(Foto oben: von links Helmut Treutlein, Klara Geywitz, Sebasatian Weigle, Ulrich Högel und Ronja Nothofer-Hahn)
SPD-Bundesbauministerin Klara Geywitz war am vergangenen Wochenbeginn zu Besuch bei der Reutlinger AWO
Bundesbauministerin Klara Geywitz war am Montagmittag zunächst im AWO-Tagestreff, hatte sich dort vor Ort über das vielfältige Angebot der Reutlinger Arbeiterwohlfahrt informiert – „und auch eine Kleinigkeit zum Essen erhalten“, sagte Sebastian Weigle. Als Vorsitzender der AWO und als SPD-Bundestagskandidat hatte er mit der Ministerin anschließend eine der Reutlinger Oasen begutachtet.

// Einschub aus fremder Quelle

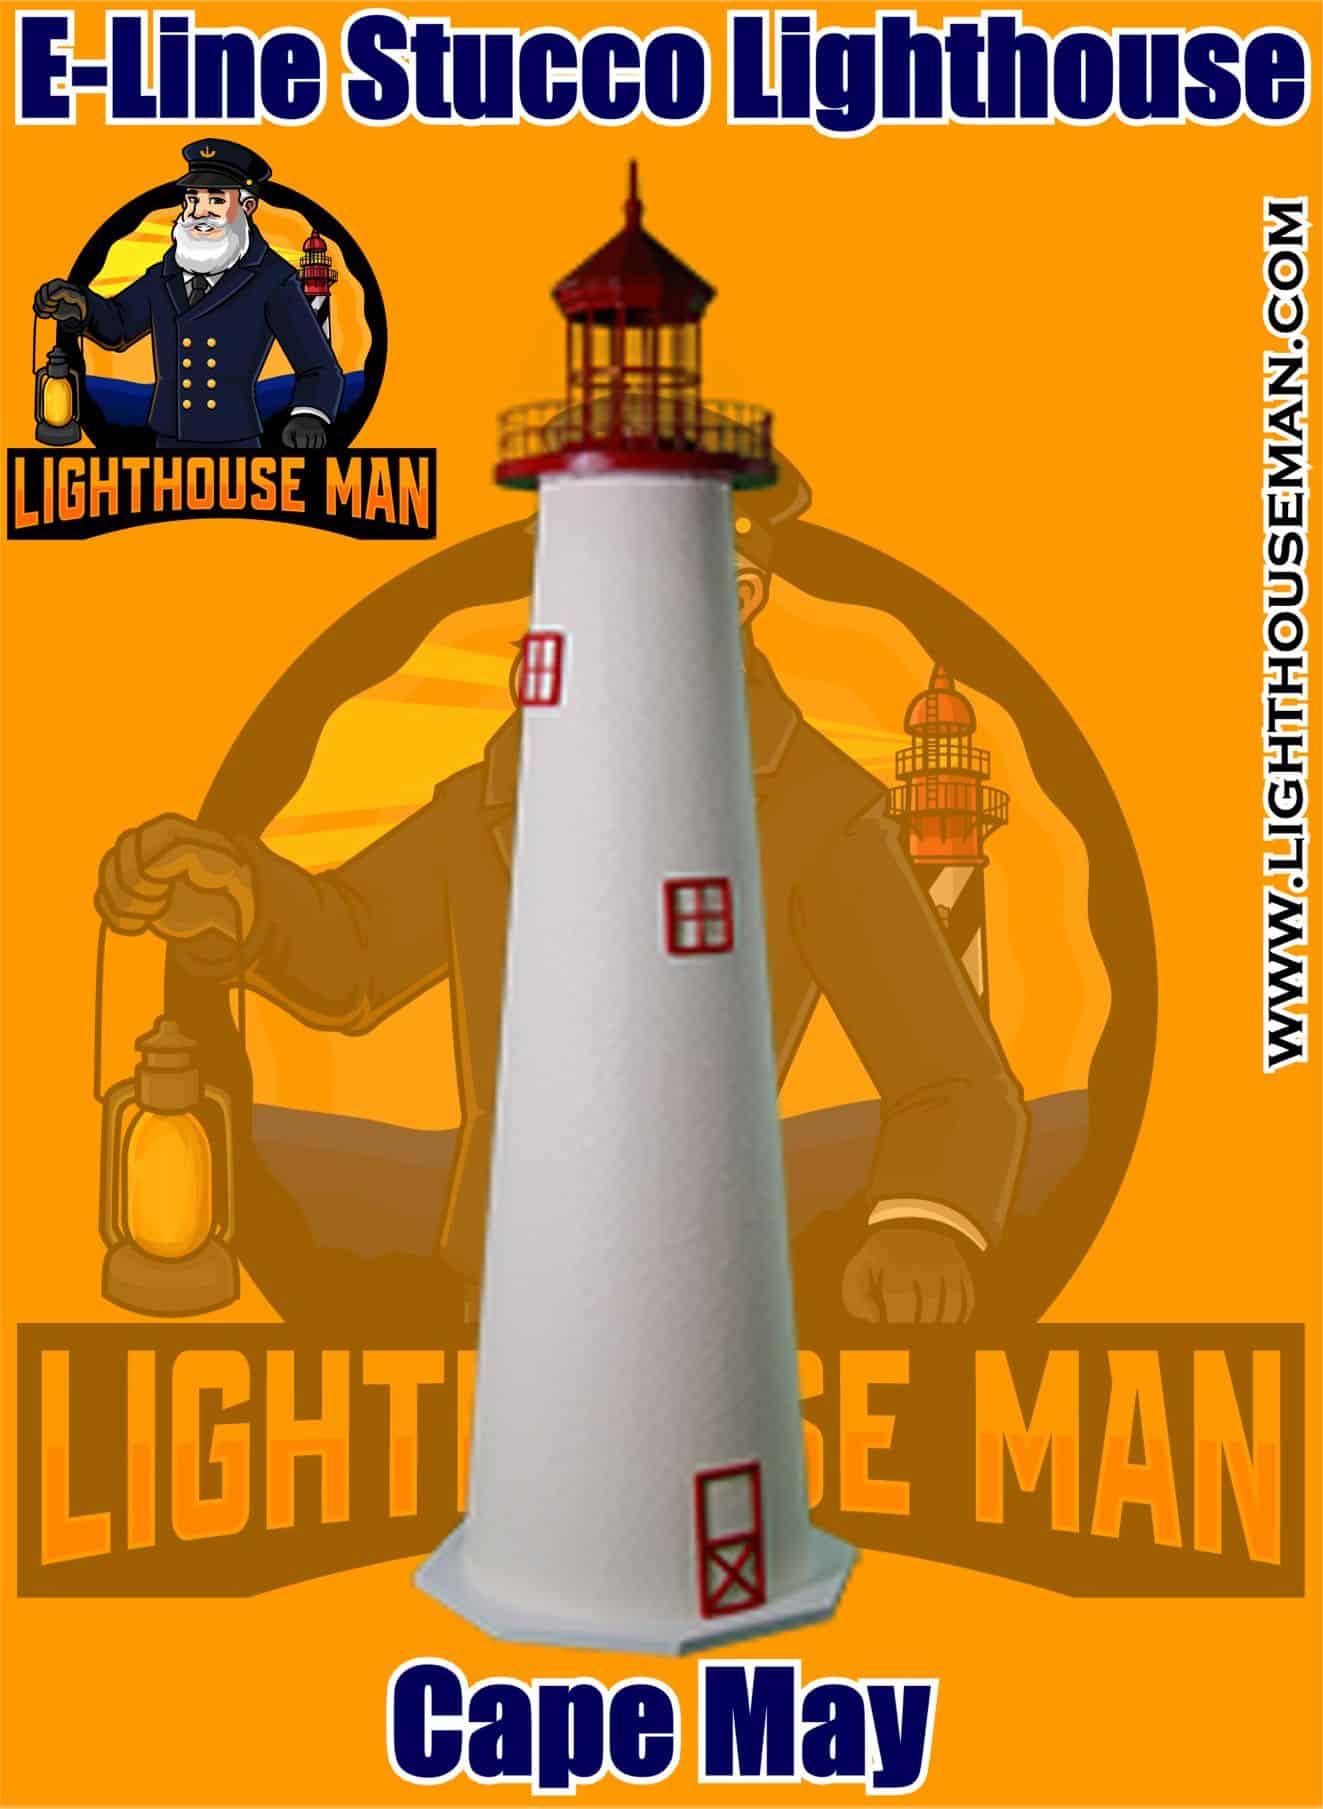 Cape May E-line Stucco Lighthouse

Diese Oasen waren einst von Pfarrer Klaus Kuntz mit dem Arbeitskreis Obdachlose zusammen mit der AWO und der GWG aus der Taufe gehoben worden, um wohnsitzlosen Menschen in Reutlingen eine Bleibe zu verschaffen. Entstanden sind so kleine Wohnungen, die unter dem heutigen Begriff „housing first“ den Menschen deutlich mehr als nur ein Dach über dem Kopf bieten. 32 Oasen existieren heute in Reutlingen und sind zu einer Heimat für die Menschen geworden.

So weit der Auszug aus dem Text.